_Task instructions_
Pictures aside, every line of the listing should be given again exactly.

_Input data_
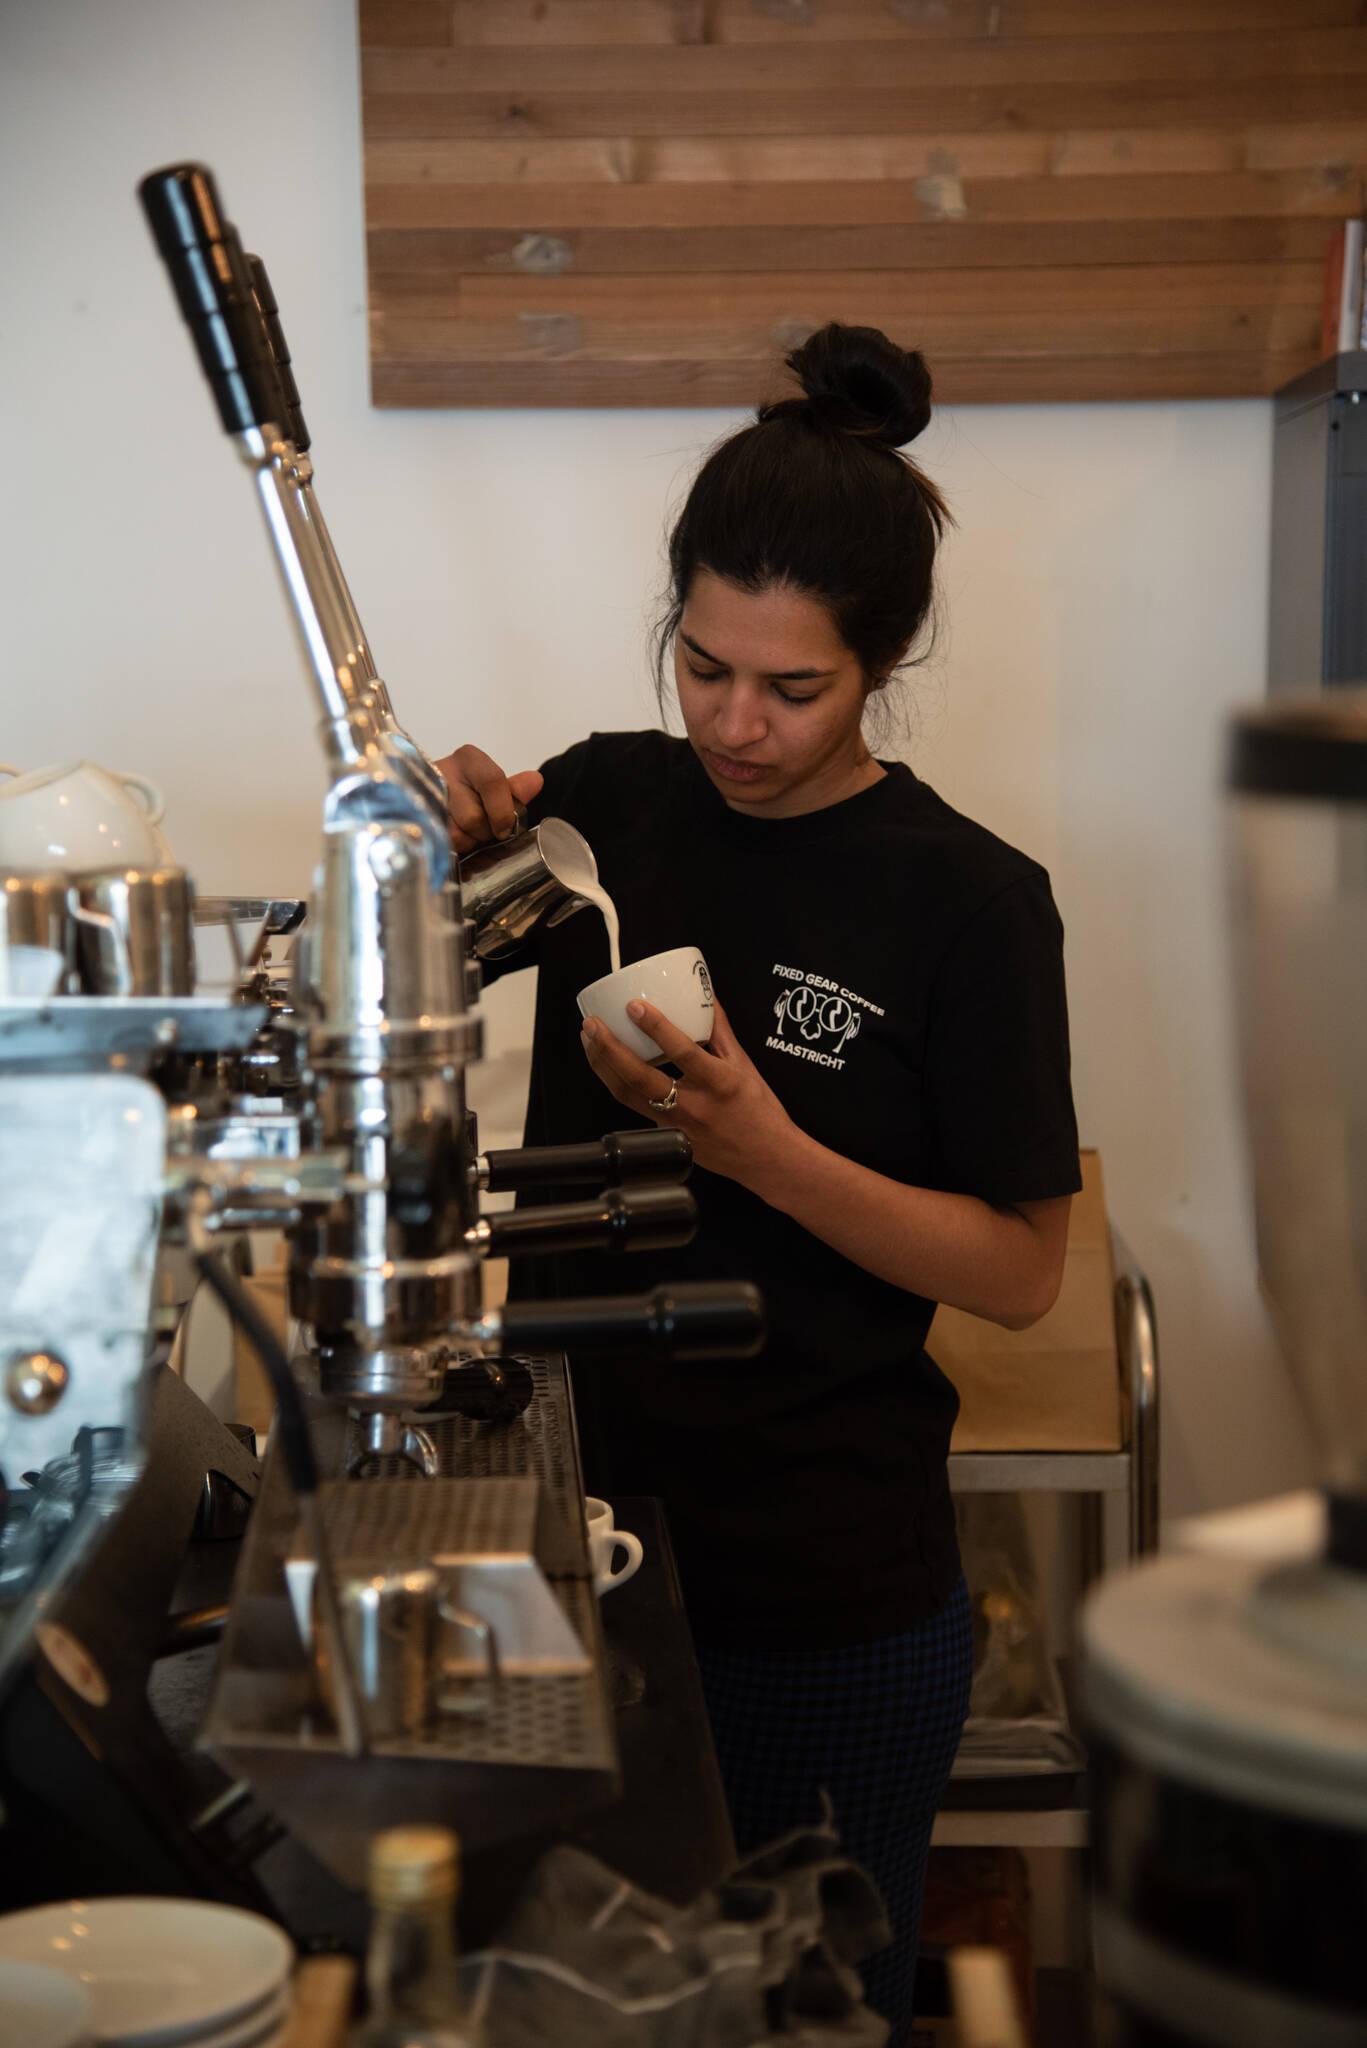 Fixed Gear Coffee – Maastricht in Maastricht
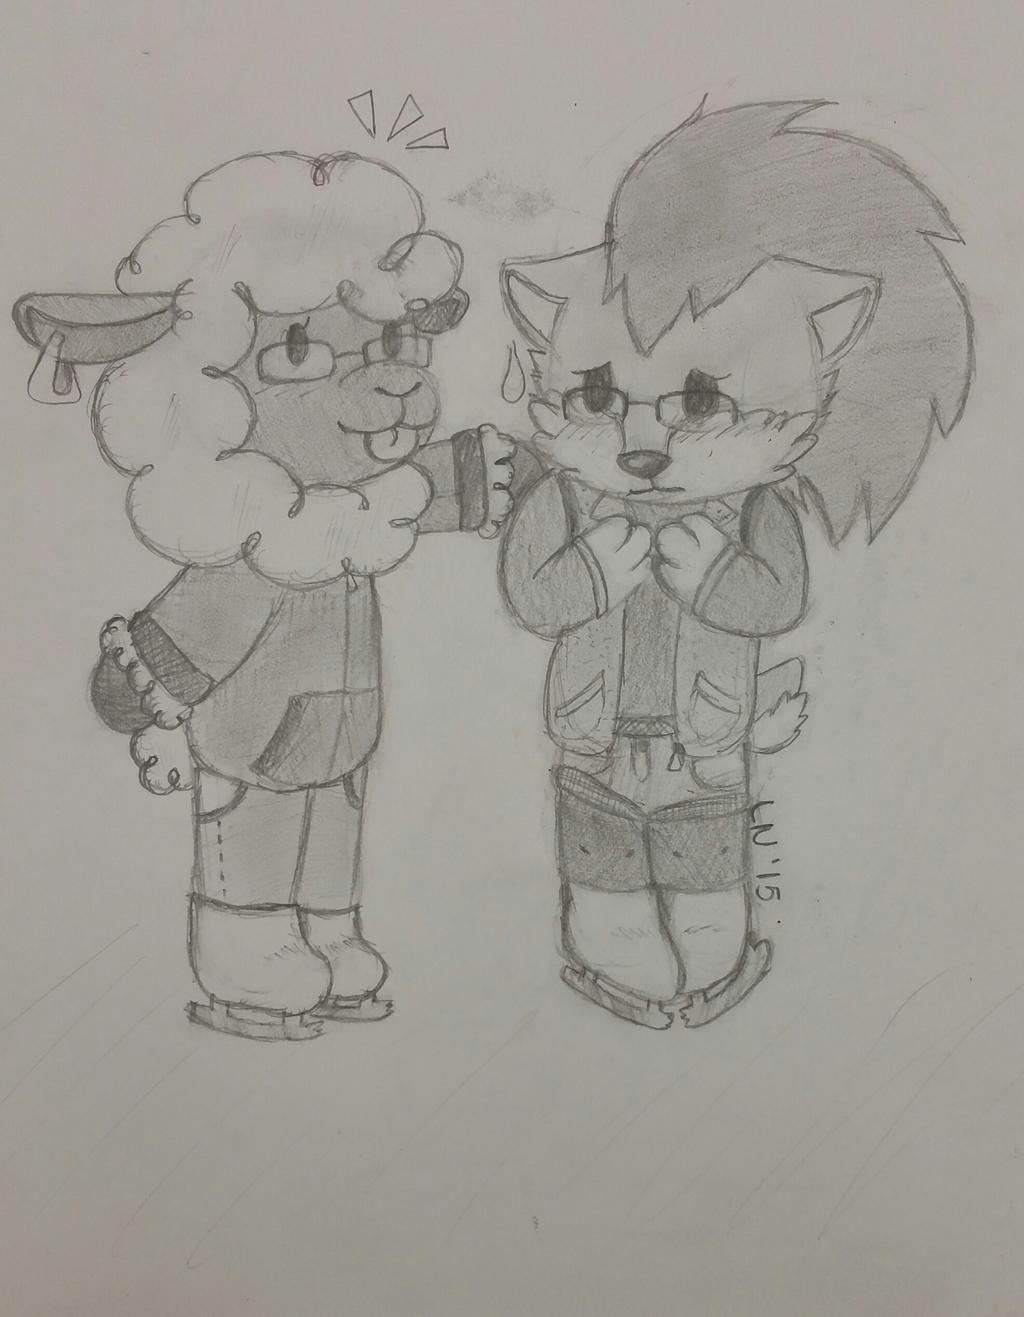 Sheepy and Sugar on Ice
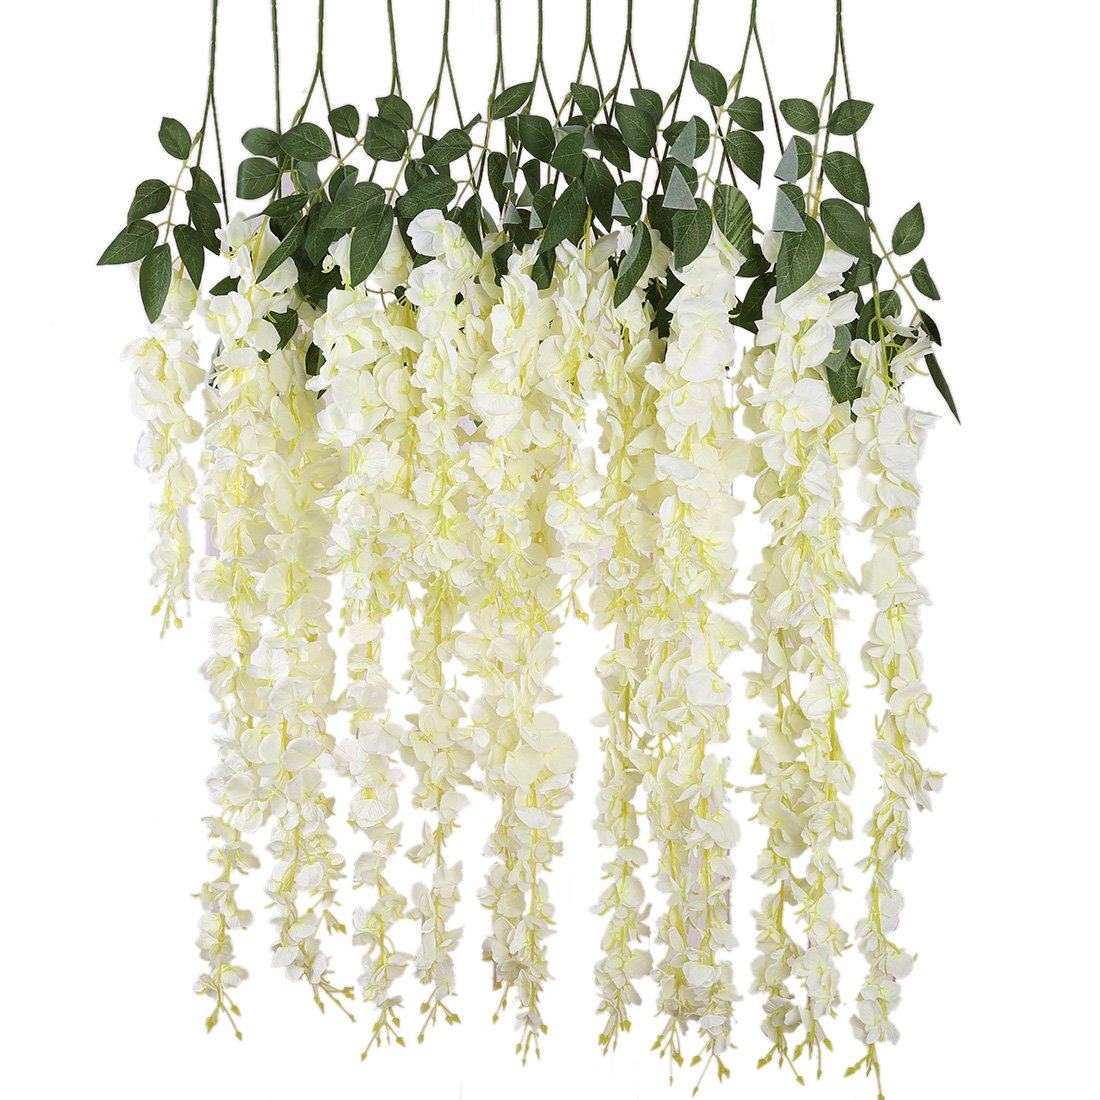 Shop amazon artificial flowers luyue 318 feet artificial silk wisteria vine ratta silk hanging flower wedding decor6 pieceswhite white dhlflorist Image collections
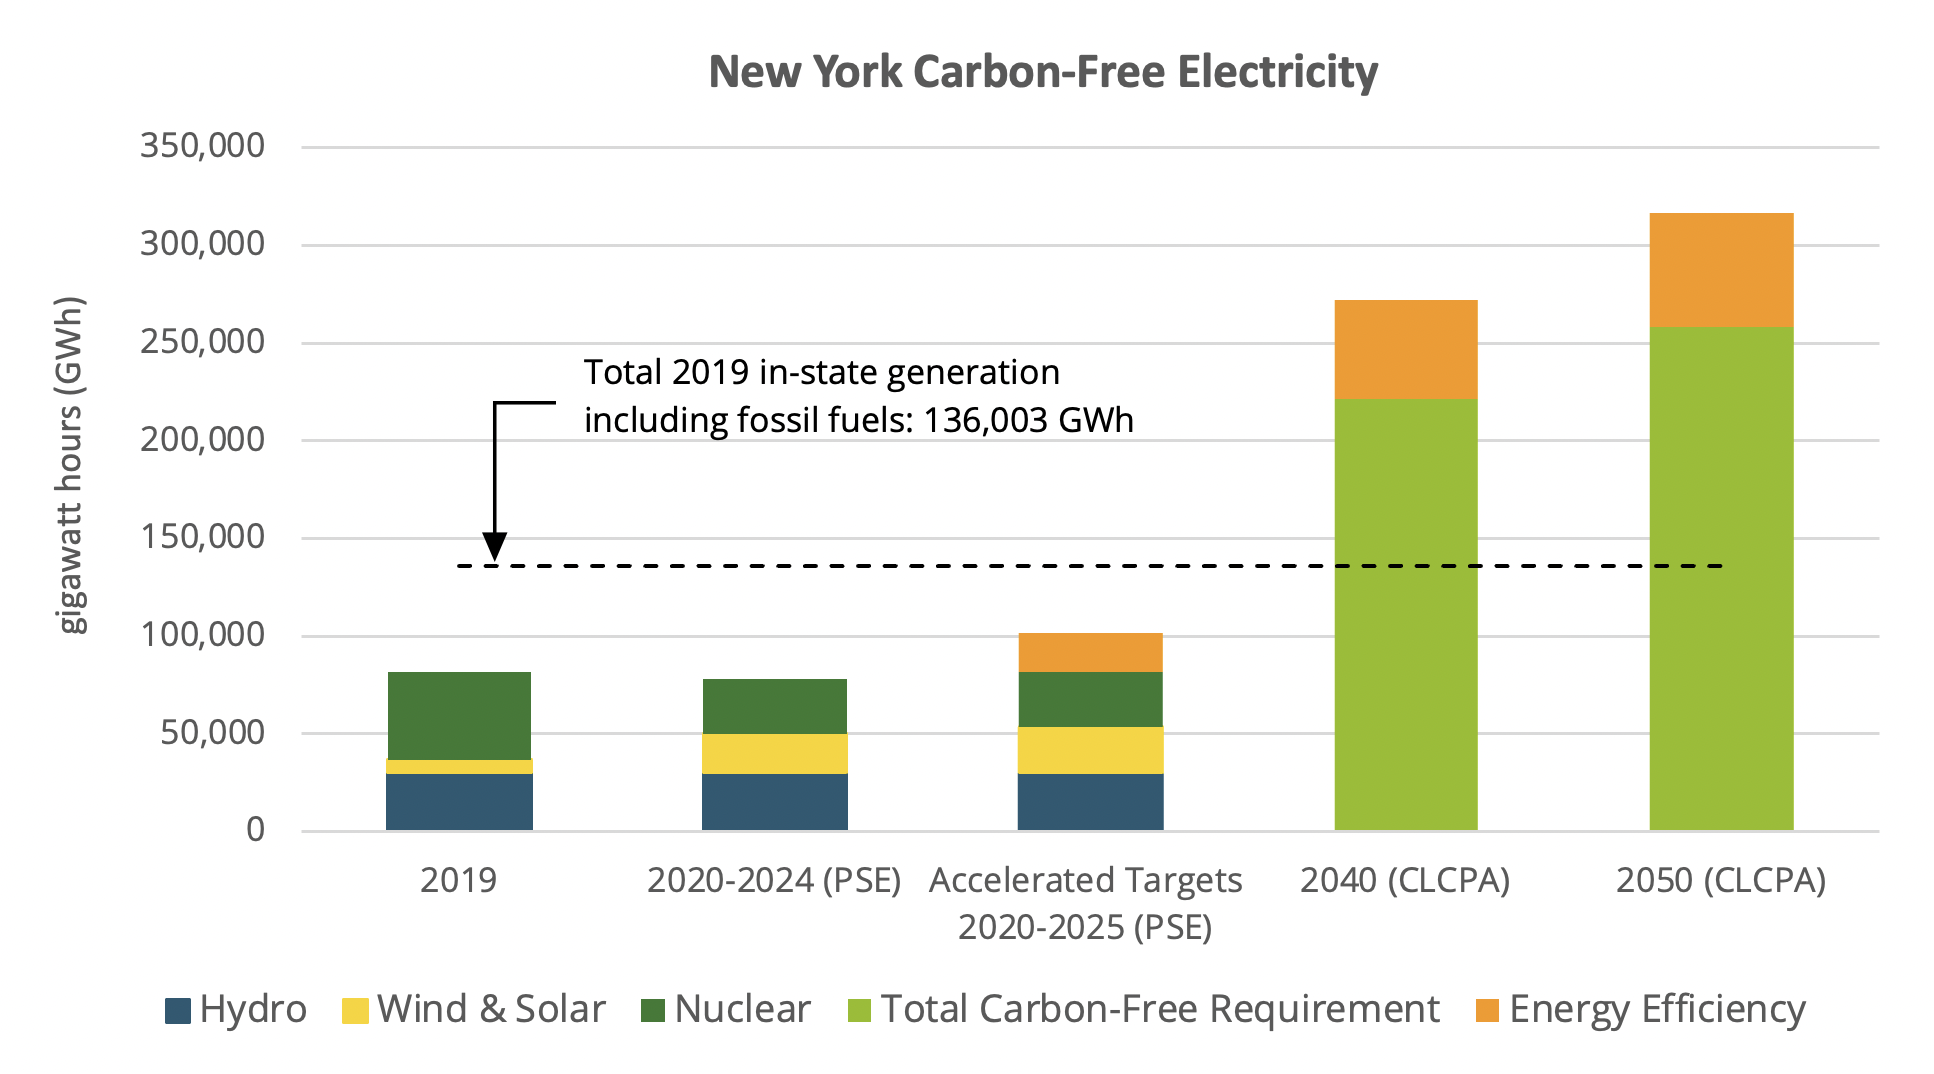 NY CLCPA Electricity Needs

_Answer to the problem_
 Fixed Gear Coffee – Maastricht in Maastricht
 Sheepy and Sugar on Ice
 Shop amazon artificial flowers luyue 318 feet artificial silk wisteria vine ratta silk hanging flower wedding decor6 pieceswhite white dhlflorist Image collections
 NY CLCPA Electricity Needs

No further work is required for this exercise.